Take the listing from its first line through the line that contains "Samsung Galaxy S20 Plus Back" and please retype those lines exactly, leaving out the pictures.

━━━ Dataset excerpt ━━━

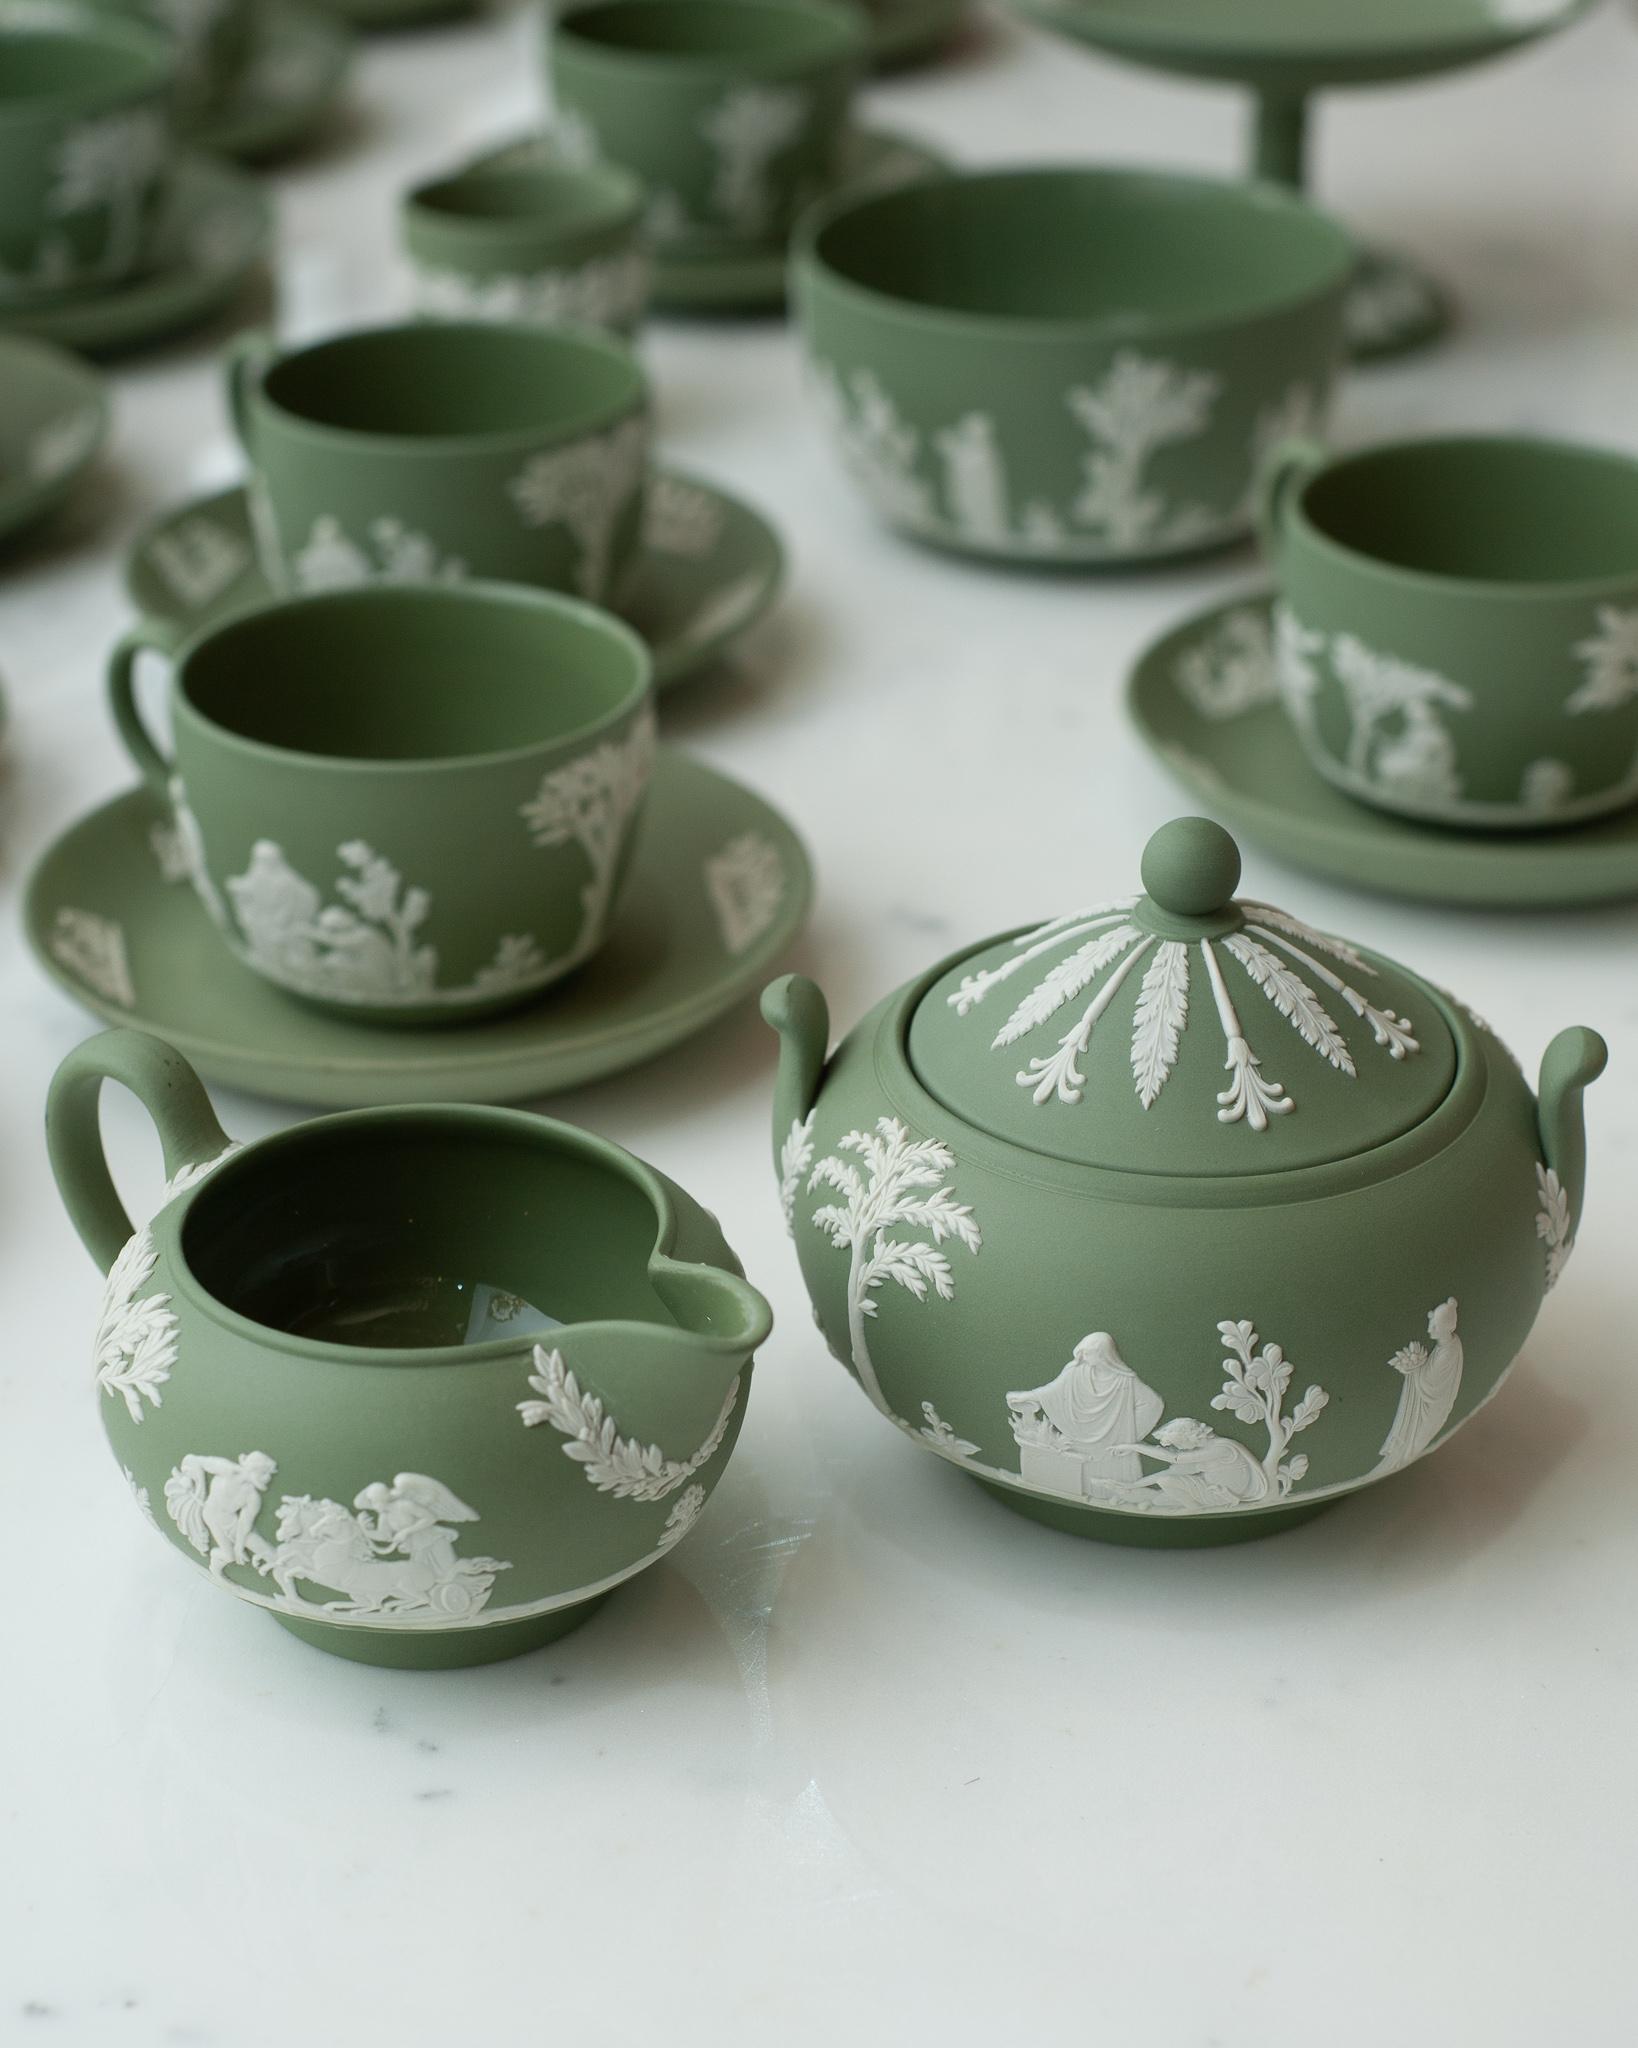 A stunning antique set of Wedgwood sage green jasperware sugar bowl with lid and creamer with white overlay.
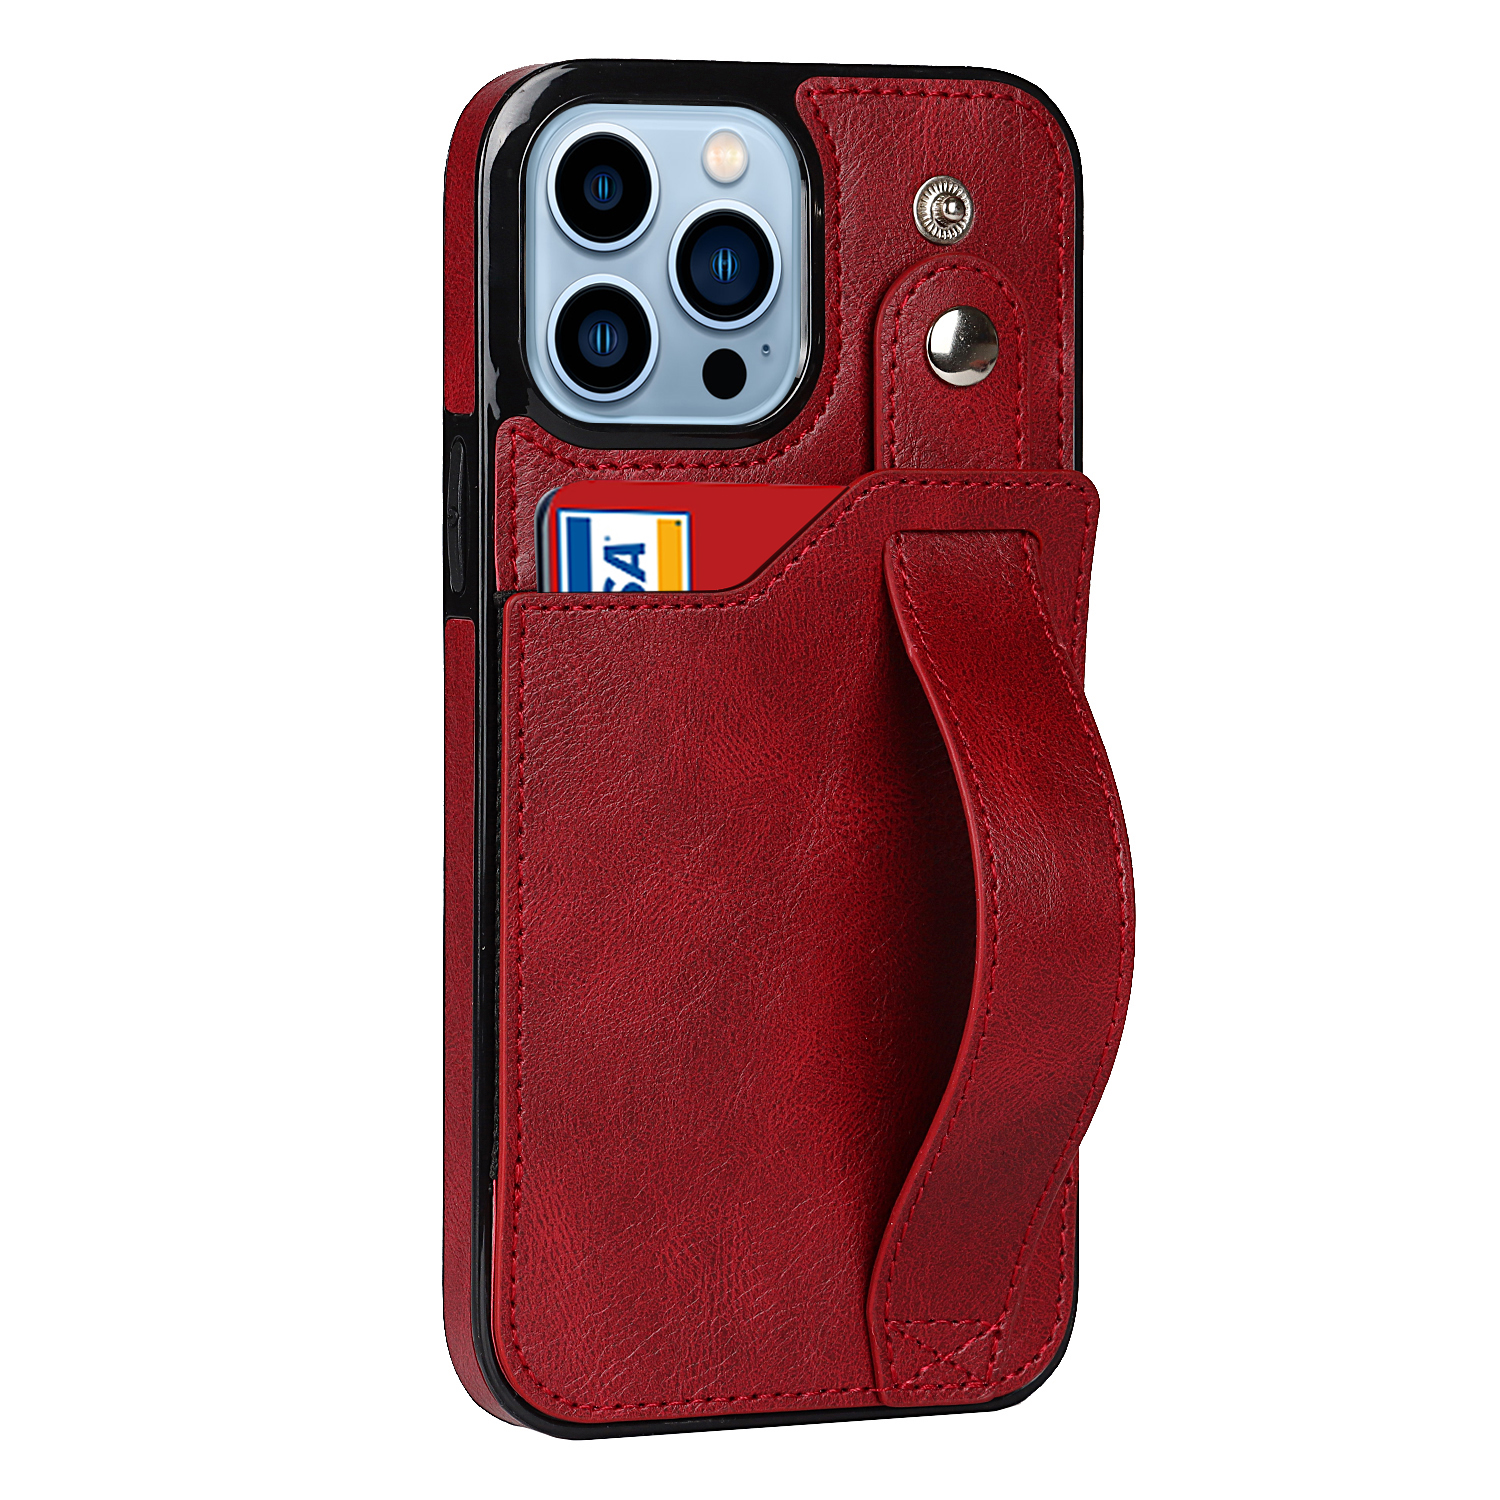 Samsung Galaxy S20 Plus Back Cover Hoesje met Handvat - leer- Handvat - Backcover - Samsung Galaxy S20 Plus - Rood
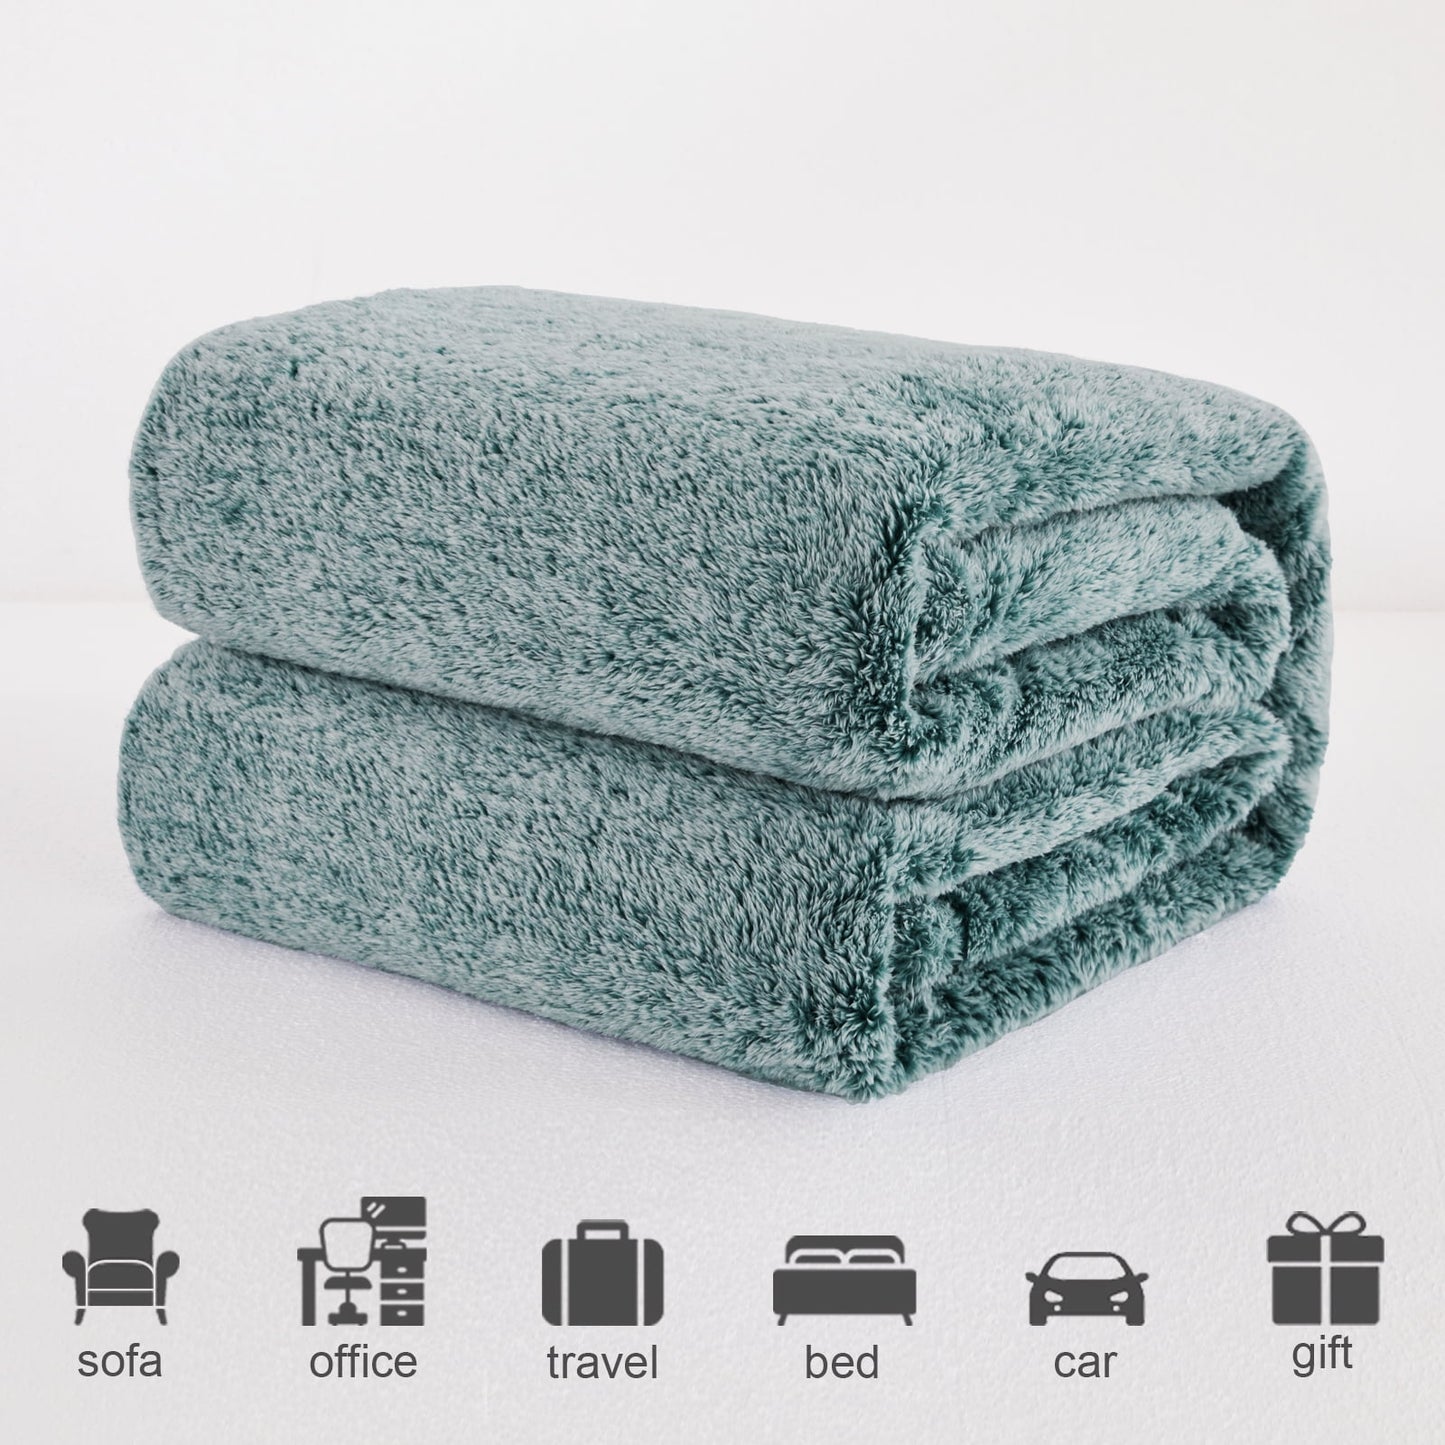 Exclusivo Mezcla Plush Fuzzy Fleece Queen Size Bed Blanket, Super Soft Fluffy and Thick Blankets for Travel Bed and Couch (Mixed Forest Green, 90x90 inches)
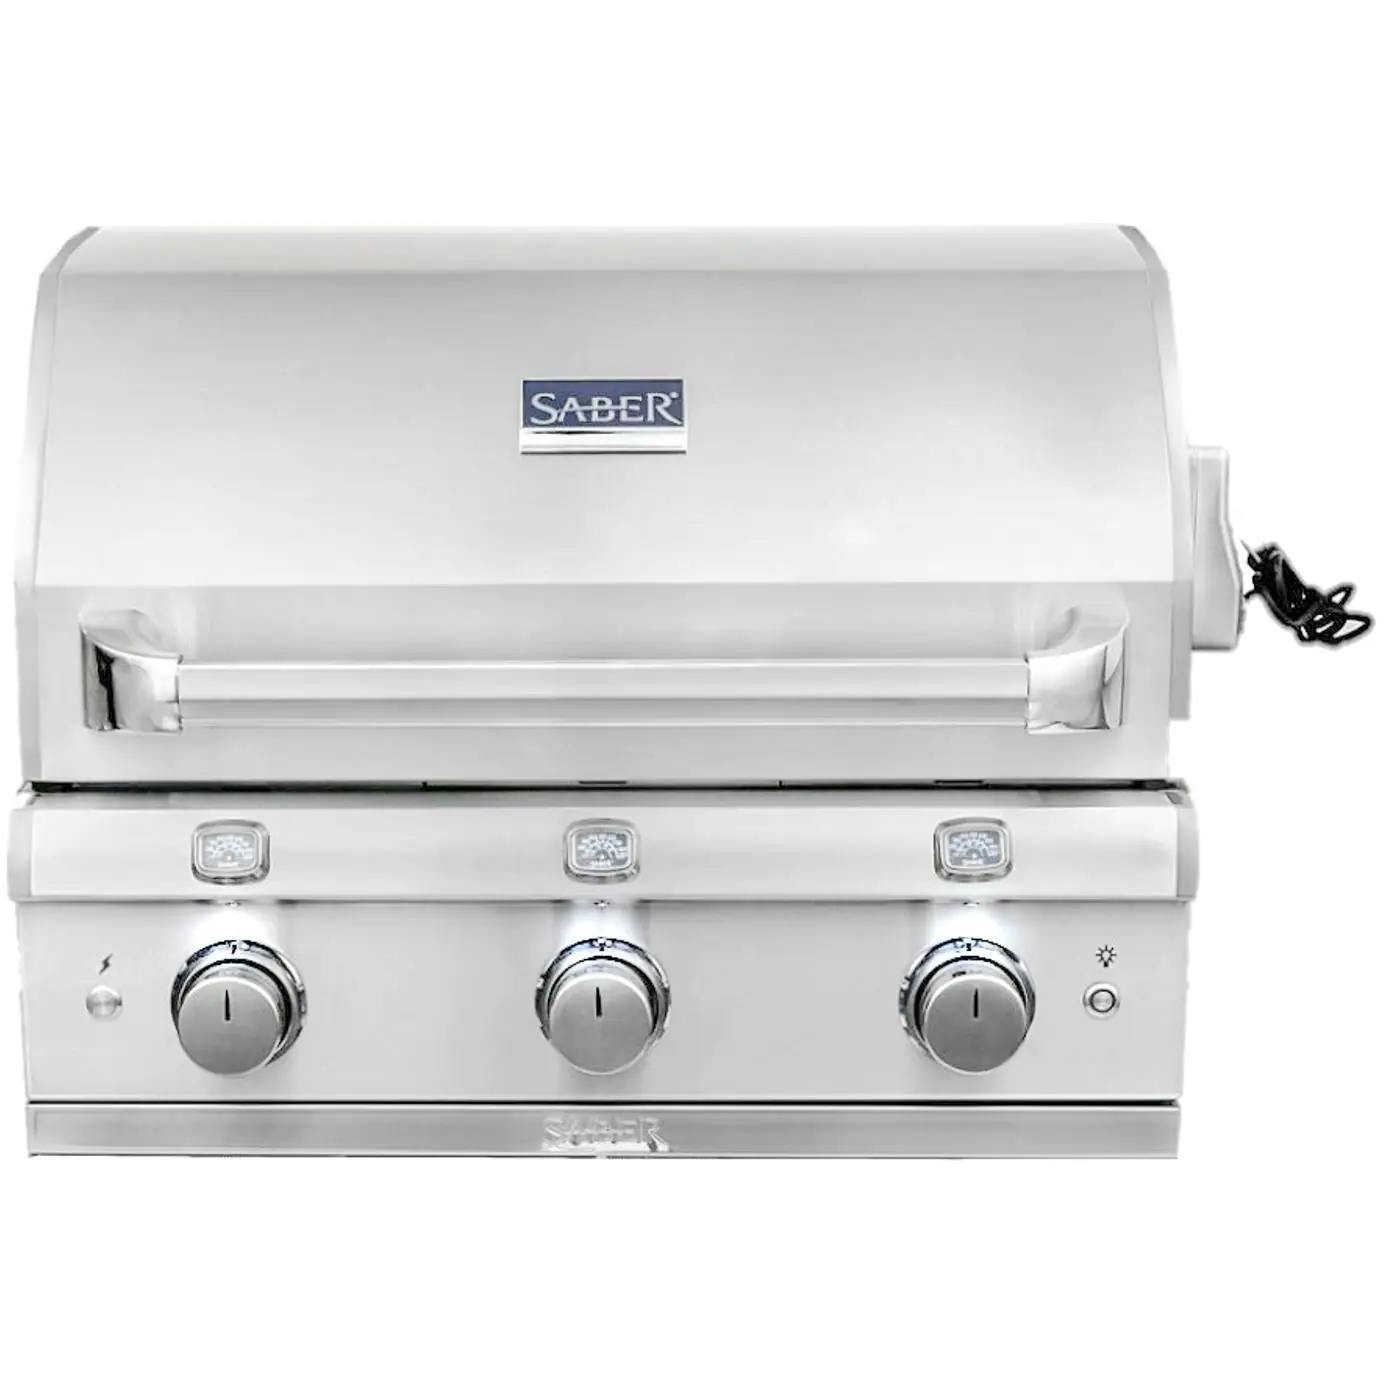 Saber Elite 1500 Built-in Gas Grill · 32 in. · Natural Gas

━━━

**Answer for the task**.
 A stunning antique set of Wedgwood sage green jasperware sugar bowl with lid and creamer with white overlay.
 Samsung Galaxy S20 Plus Back Cover Hoesje met Handvat - leer- Handvat - Backcover - Samsung Galaxy S20 Plus - Rood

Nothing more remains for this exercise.